Technical Brief

Cooling Capacity Figure of Merit for Phase Change Materials

[+] Author and Article Information
Patrick J. Shamberger

Department of Materials Science and Engineering,
Dwight Look College of Engineering,
Texas A&M University,
College Station, TX 77843
e-mail: patrick.shamberger@tamu.edu

Contributed by the Heat Transfer Division of ASME for publication in the JOURNAL OF HEAT TRANSFER. Manuscript received September 26, 2014; final manuscript received July 20, 2015; published online September 2, 2015. Assoc.

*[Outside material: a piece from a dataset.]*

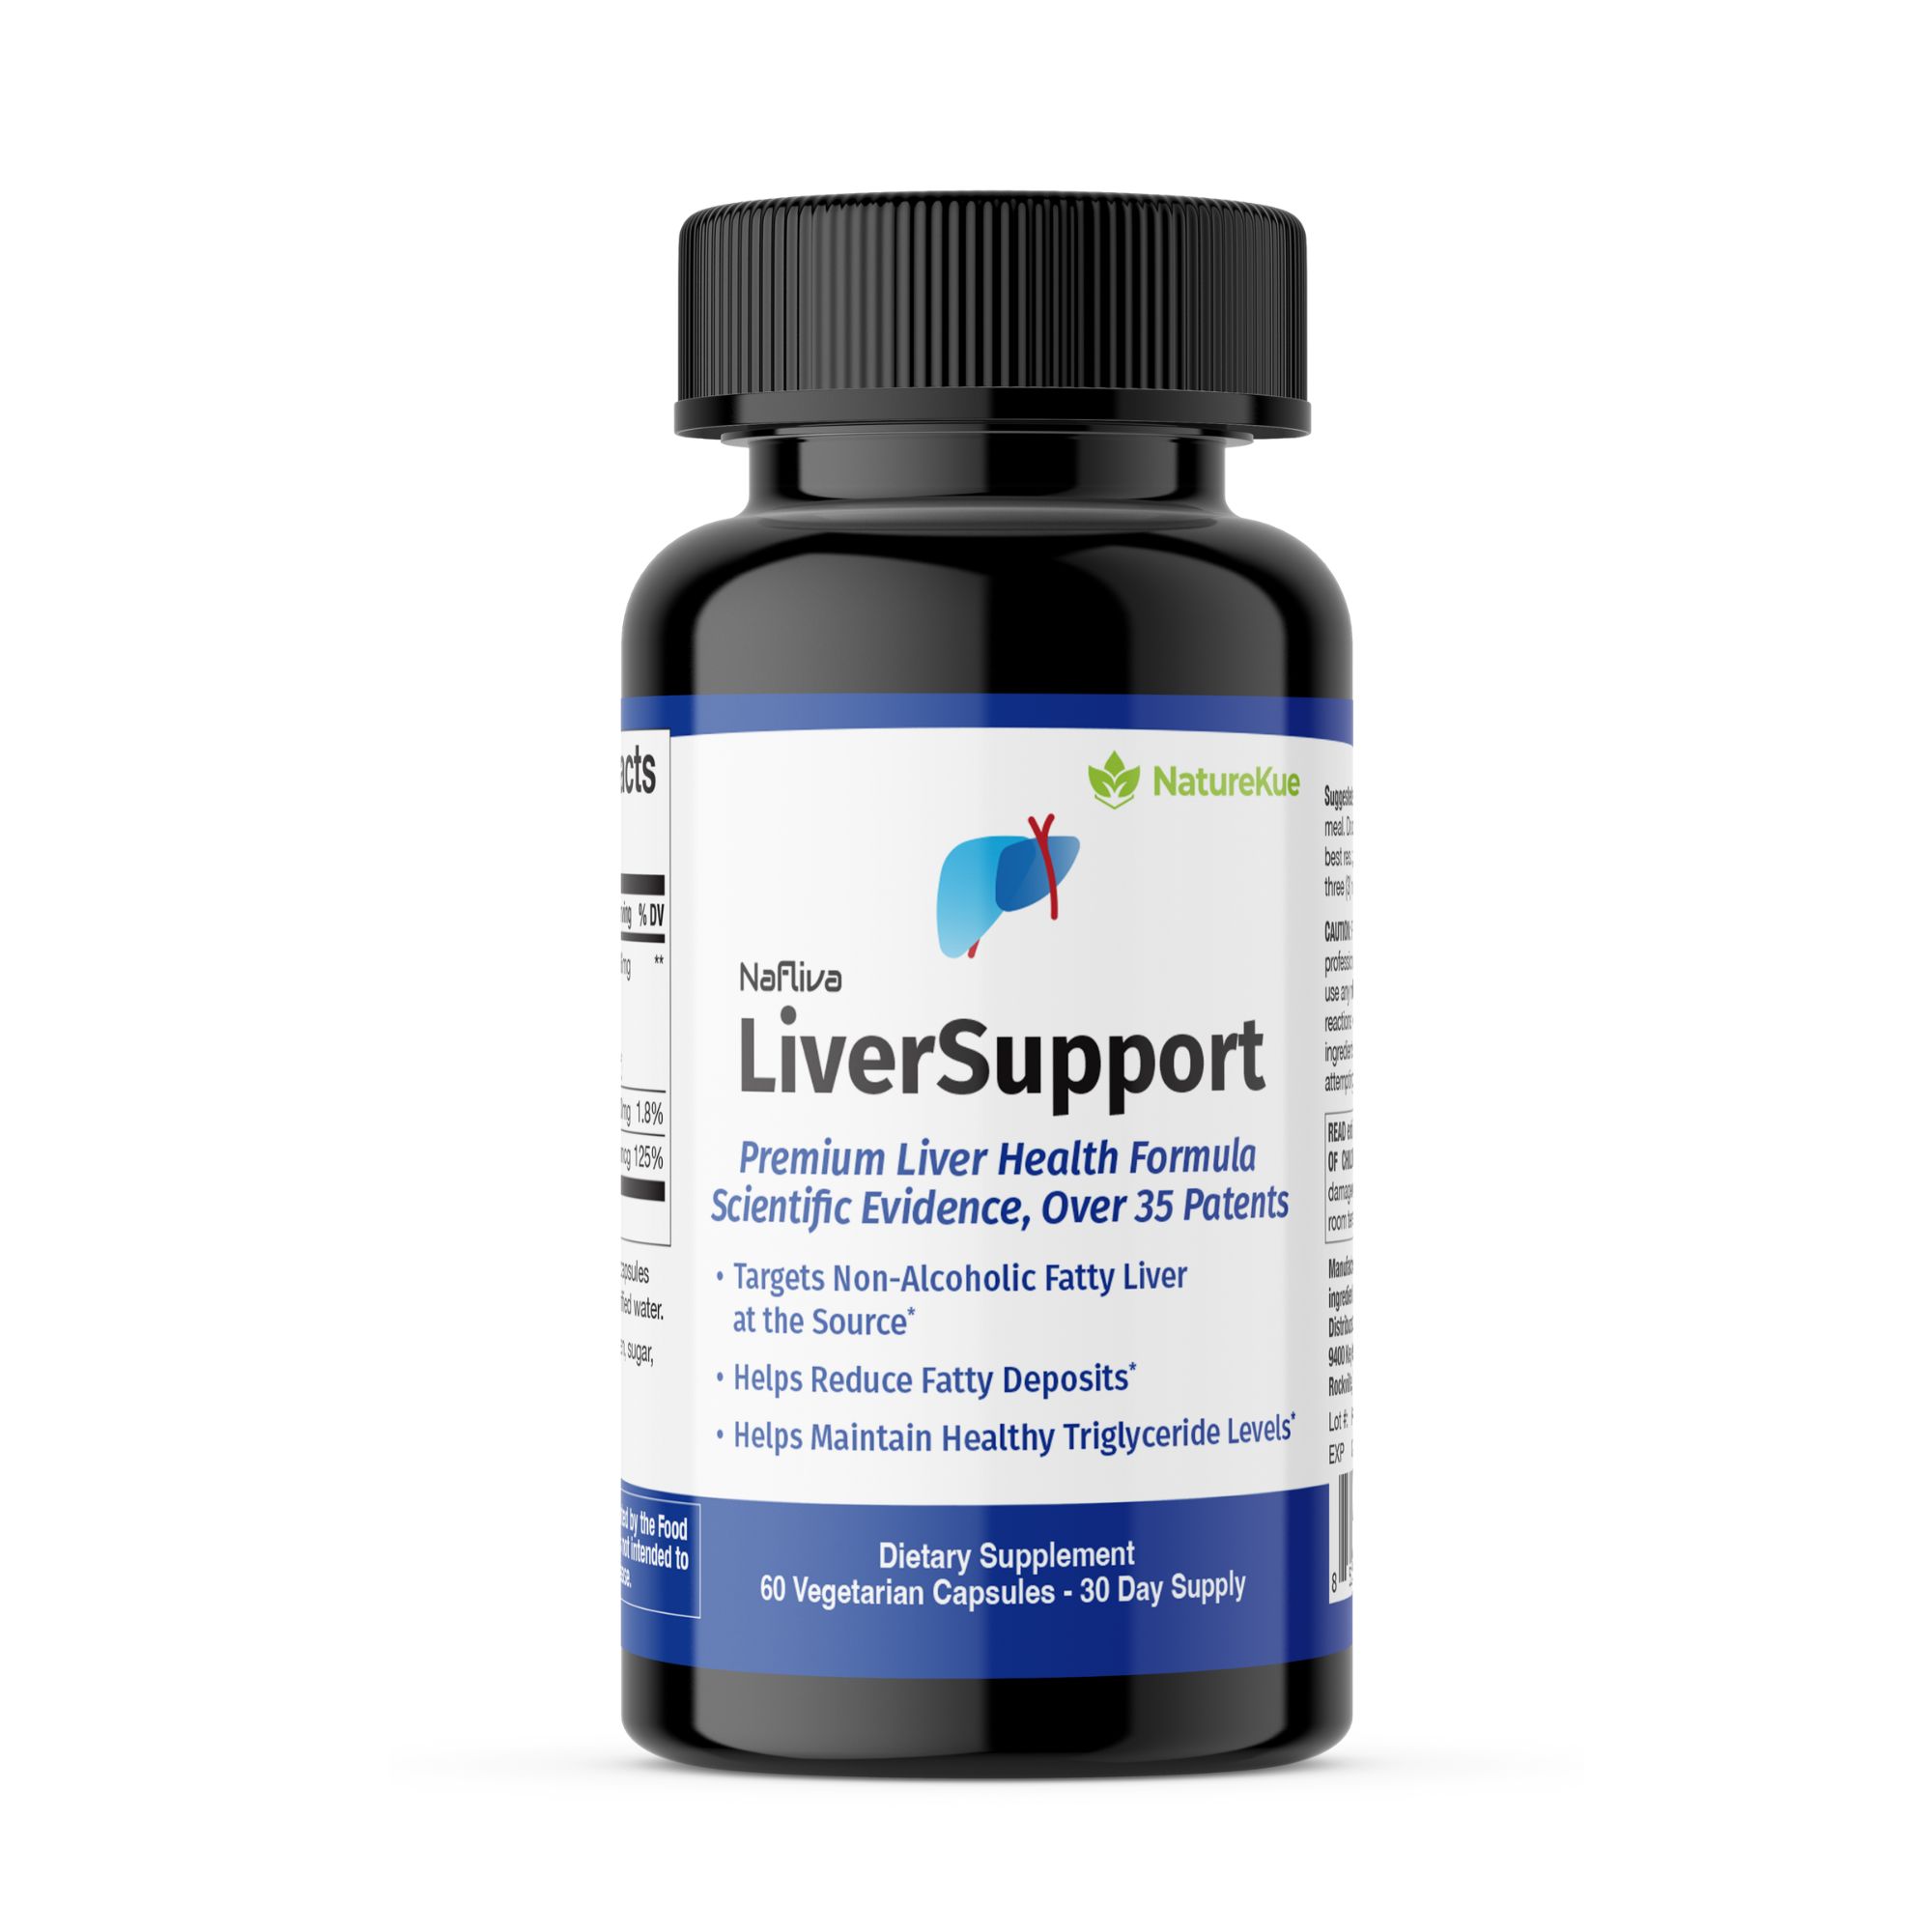 NatureKue Introduces LiverSupport - Natural Dietary Supplement Supports Healthy Liver Function as It Reduces Fatty Deposits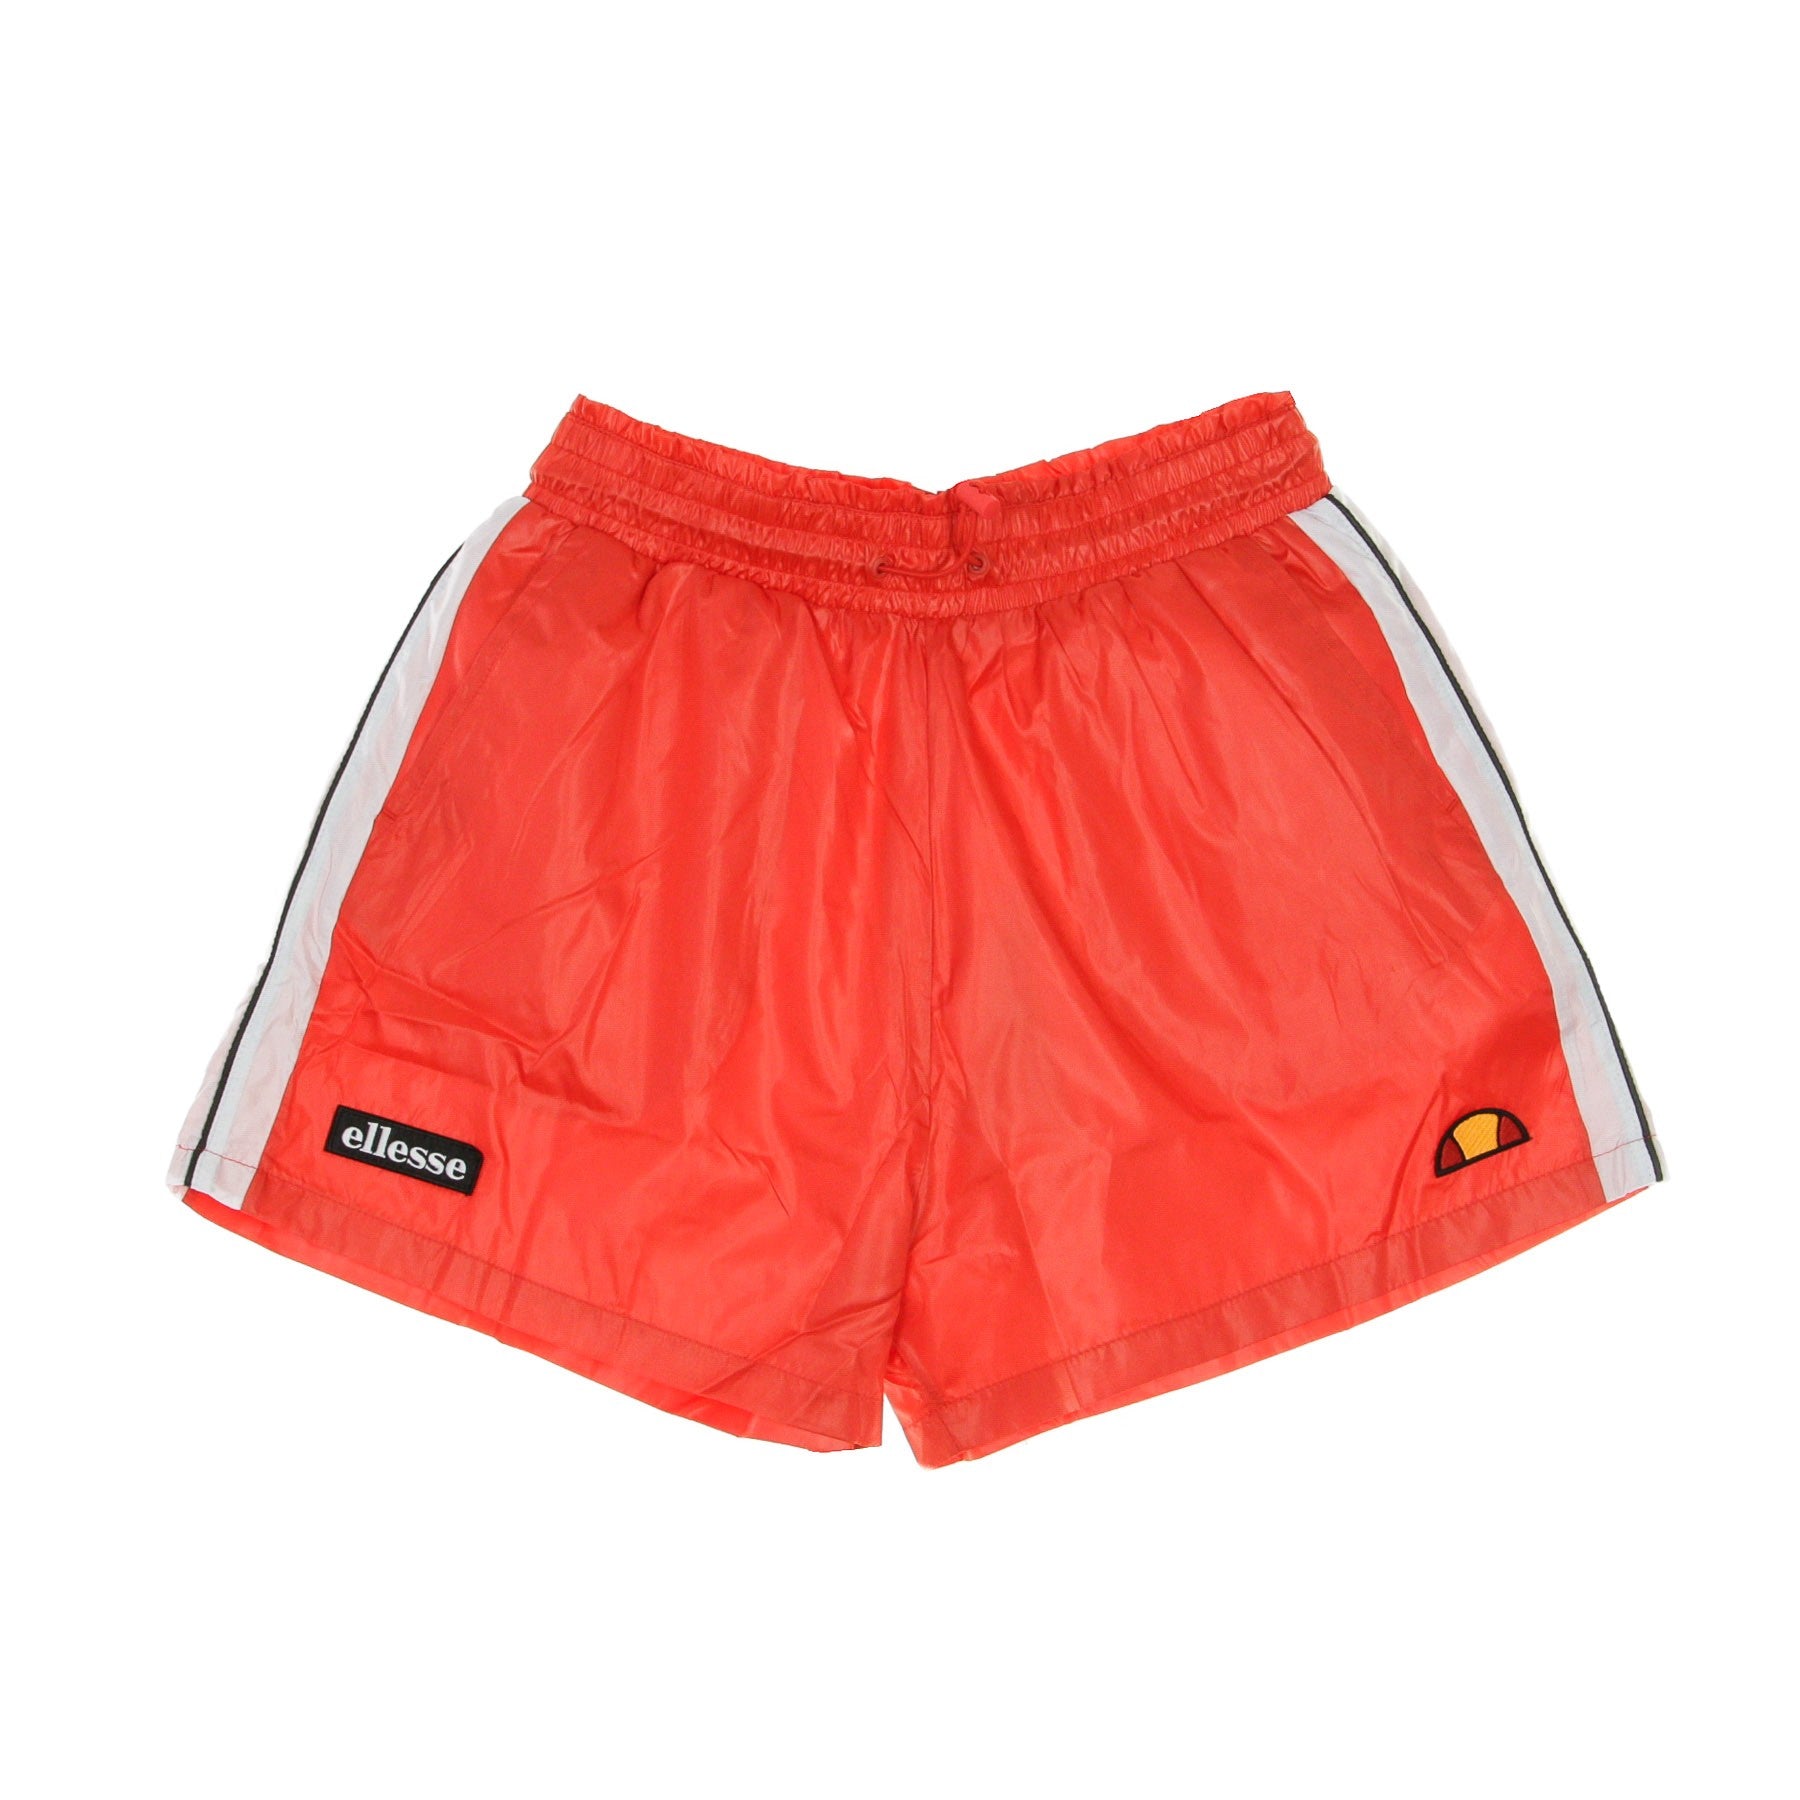 Ellesse, Pantaloncino Donna Short, Fiery Red

Editor: Amy Fleischer.

J. Heat Transfer 138(2), 024502 (Sep 02, 2015) (8 pages) Paper No: HT-14-1644; doi: 10.1115/1.4031252 History: Received September 26, 2014; Revised July 20, 2015

In this paper, a figure of merit for the cooling capacity (FOMq) of phase change materials (PCMs) is defined from the analytical solution of the two-phase Neumann–Stefan problem of melting of a semi-infinite material with a fixed temperature boundary condition (BC). This figure of merit is a function of the thermophysical properties of a PCM and is proportional to the heat transfer across the interface with the surrounding medium in this general case. Thus, it has important implications for design and optimization of PCMs for high heat-flux thermal management applications. FOMq of example low melting point metals are presented which exceed those in common nonmetallic PCMs over the same temperature range by over an order of magnitude.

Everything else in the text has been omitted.